What you are asked to do:
Return, exactly and with nothing added, the line with "2013 Mazda Mazda6" together with all lines after it through the end of the data below. No pictures belong in the copy.

Dataset extract:
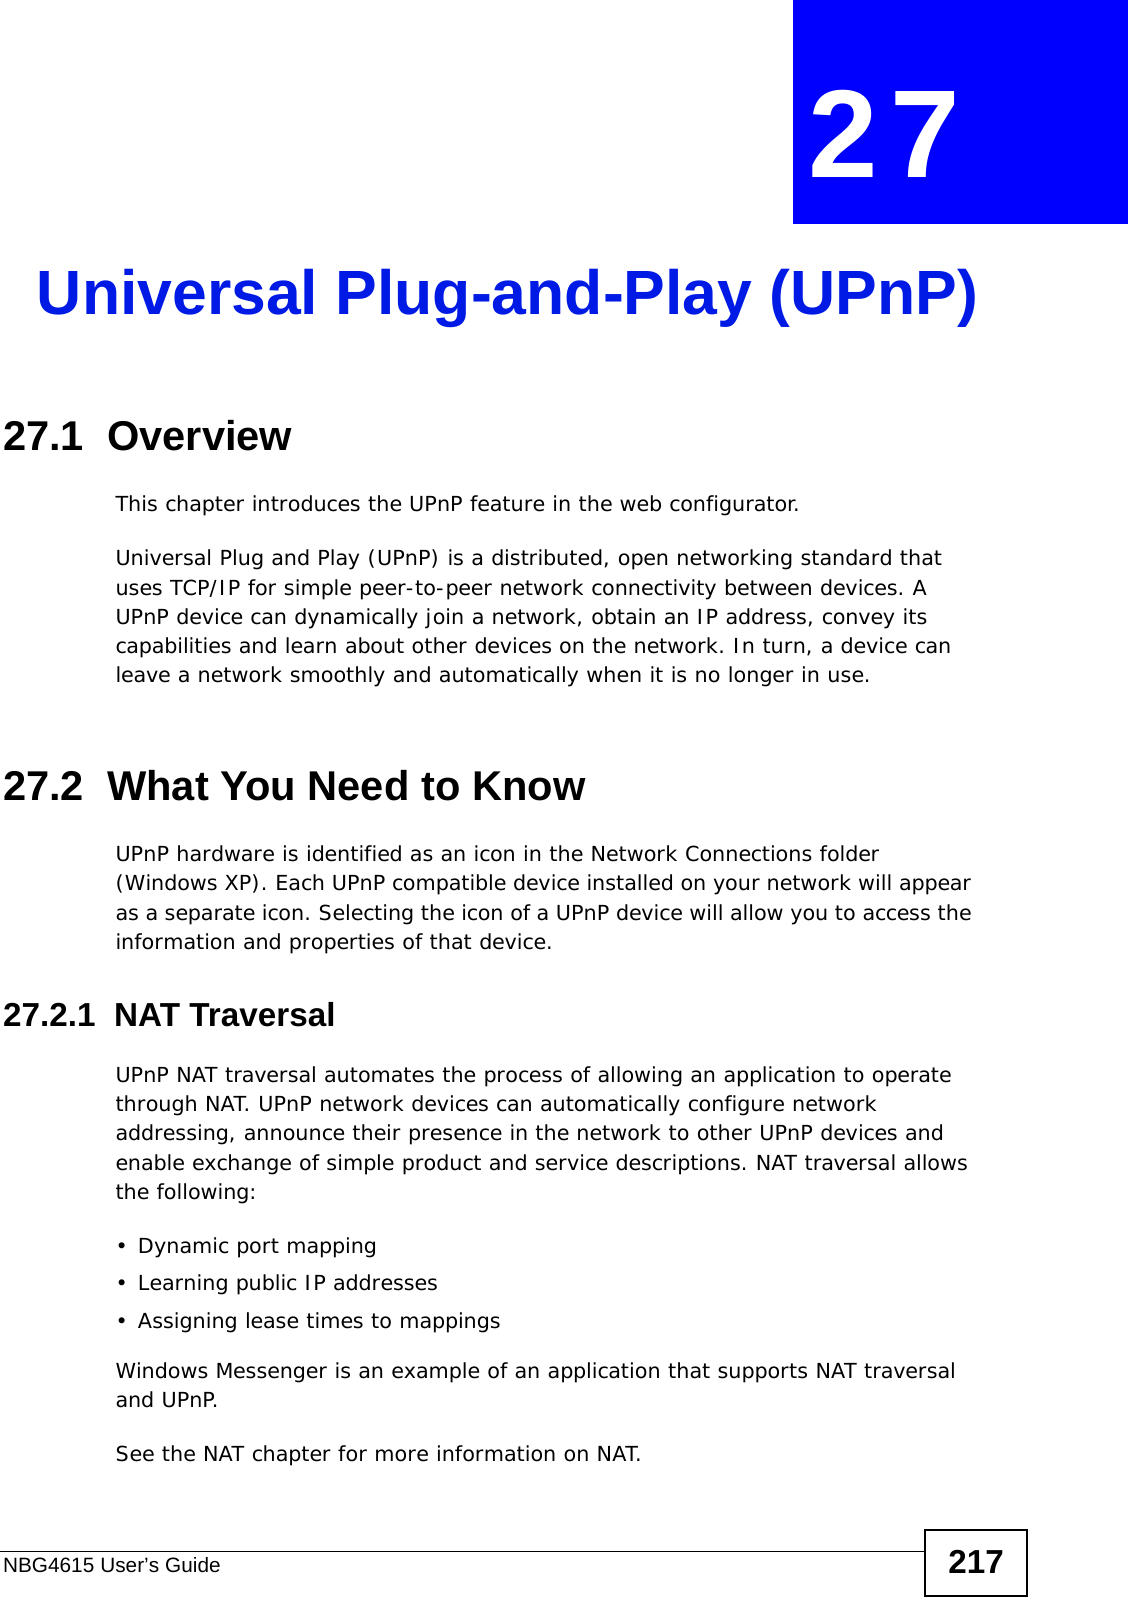 NBG4615 User’s Guide 217CHAPTER  27 Universal Plug-and-Play (UPnP)27.1  Overview This chapter introduces the UPnP feature in the web configurator.Universal Plug and Play (UPnP) is a distributed, open networking standard that uses TCP/IP for simple peer-to-peer network connectivity between devices. A UPnP device can dynamically join a network, obtain an IP address, convey its capabilities and learn about other devices on the network. In turn, a device can leave a network smoothly and automatically when it is no longer in use.27.2  What You Need to KnowUPnP hardware is identified as an icon in the Network Connections folder (Windows XP). Each UPnP compatible device installed on your network will appear as a separate icon. Selecting the icon of a UPnP device will allow you to access the information and properties of that device. 27.2.1  NAT TraversalUPnP NAT traversal automates the process of allowing an application to operate through NAT. UPnP network devices can automatically configure network addressing, announce their presence in the network to other UPnP devices and enable exchange of simple product and service descriptions. NAT traversal allows the following:• Dynamic port mapping• Learning public IP addresses• Assigning lease times to mappingsWindows Messenger is an example of an application that supports NAT traversal and UPnP. See the NAT chapter for more information on NAT.
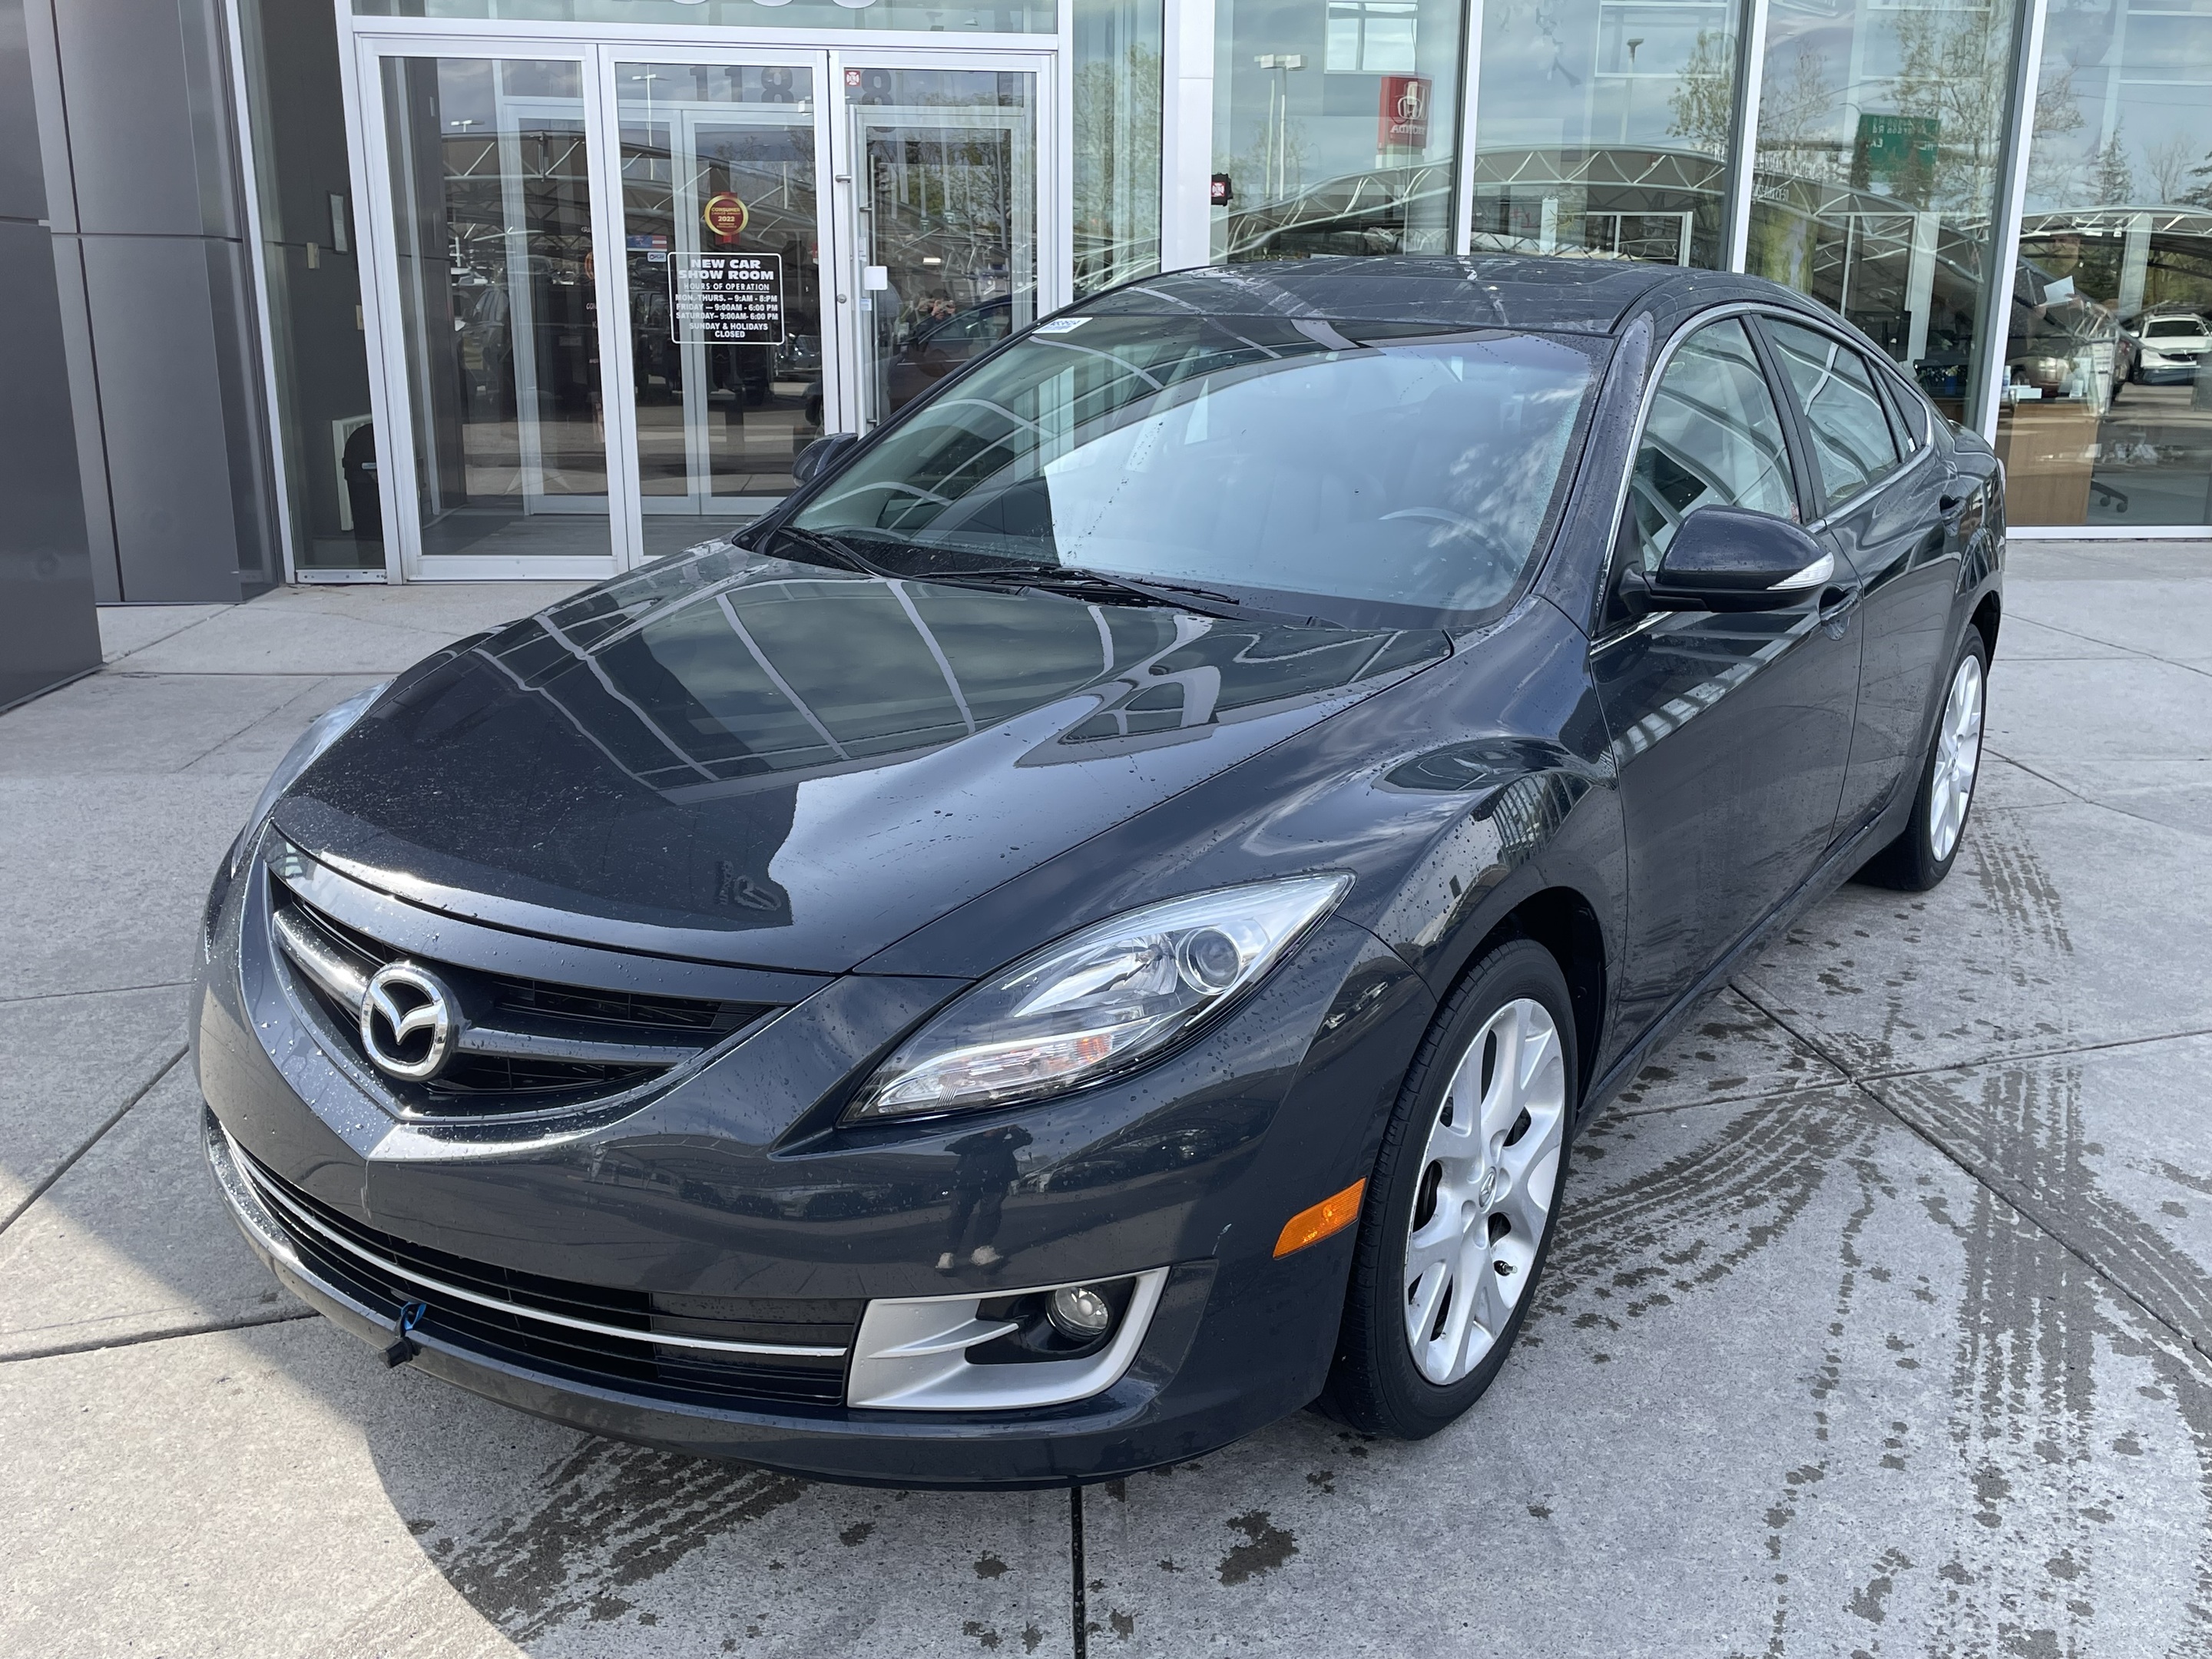 2013 Mazda Mazda6 4dr GT - ONE OWNER|CLEAN CARFAX|AB CAR|LOW KM
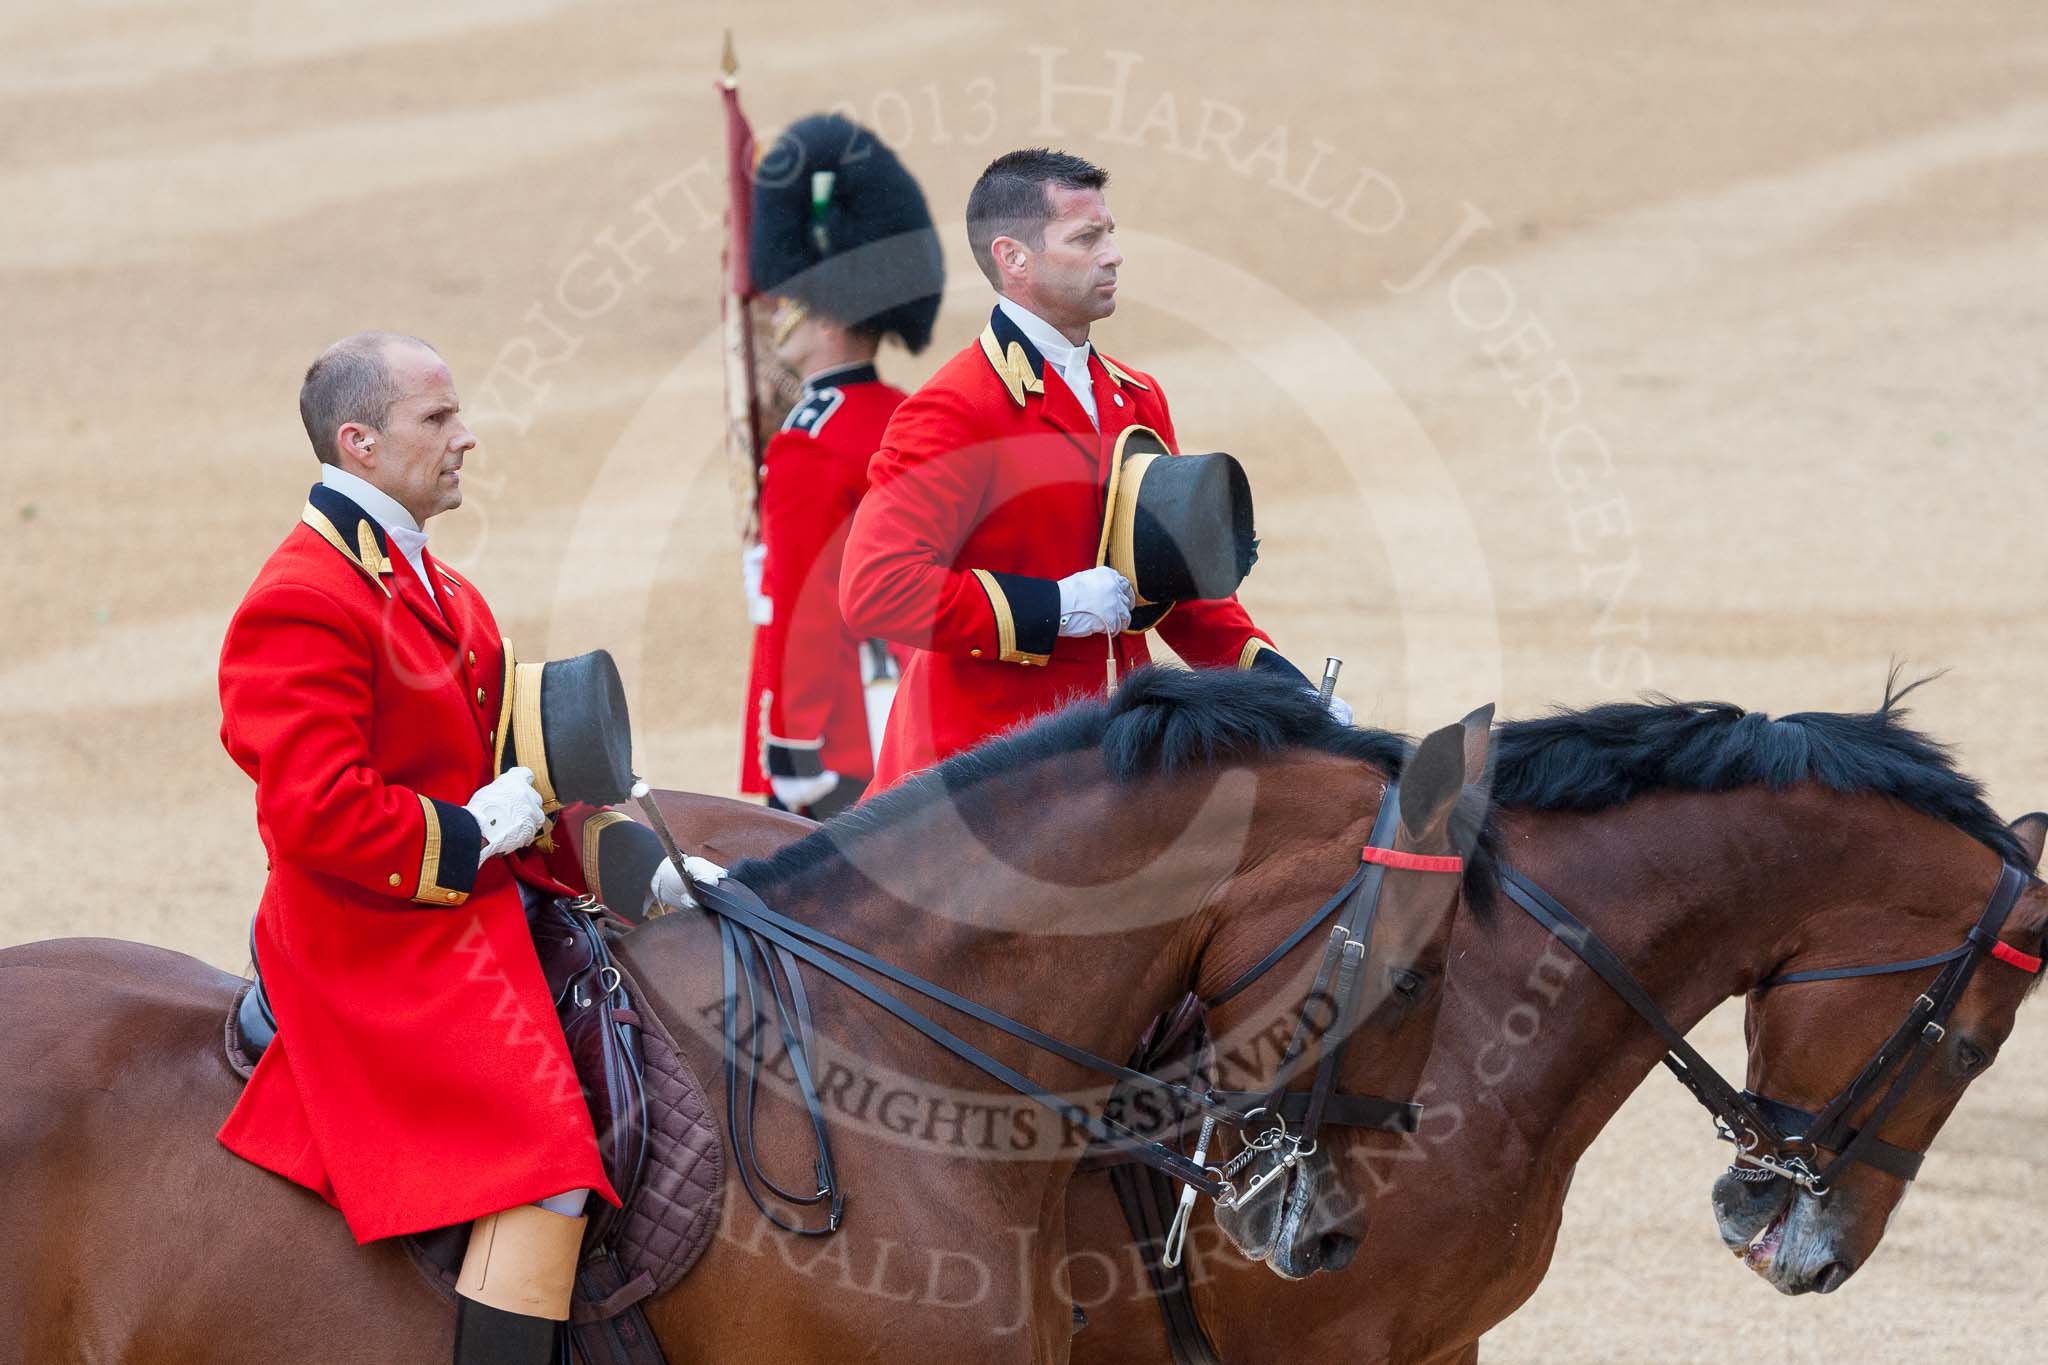 Trooping the Colour 2015. Image #199, 13 June 2015 10:52 Horse Guards Parade, London, UK

Result below:
 2013 Mazda Mazda6 4dr GT - ONE OWNER|CLEAN CARFAX|AB CAR|LOW KM
 Trooping the Colour 2015. Image #199, 13 June 2015 10:52 Horse Guards Parade, London, UK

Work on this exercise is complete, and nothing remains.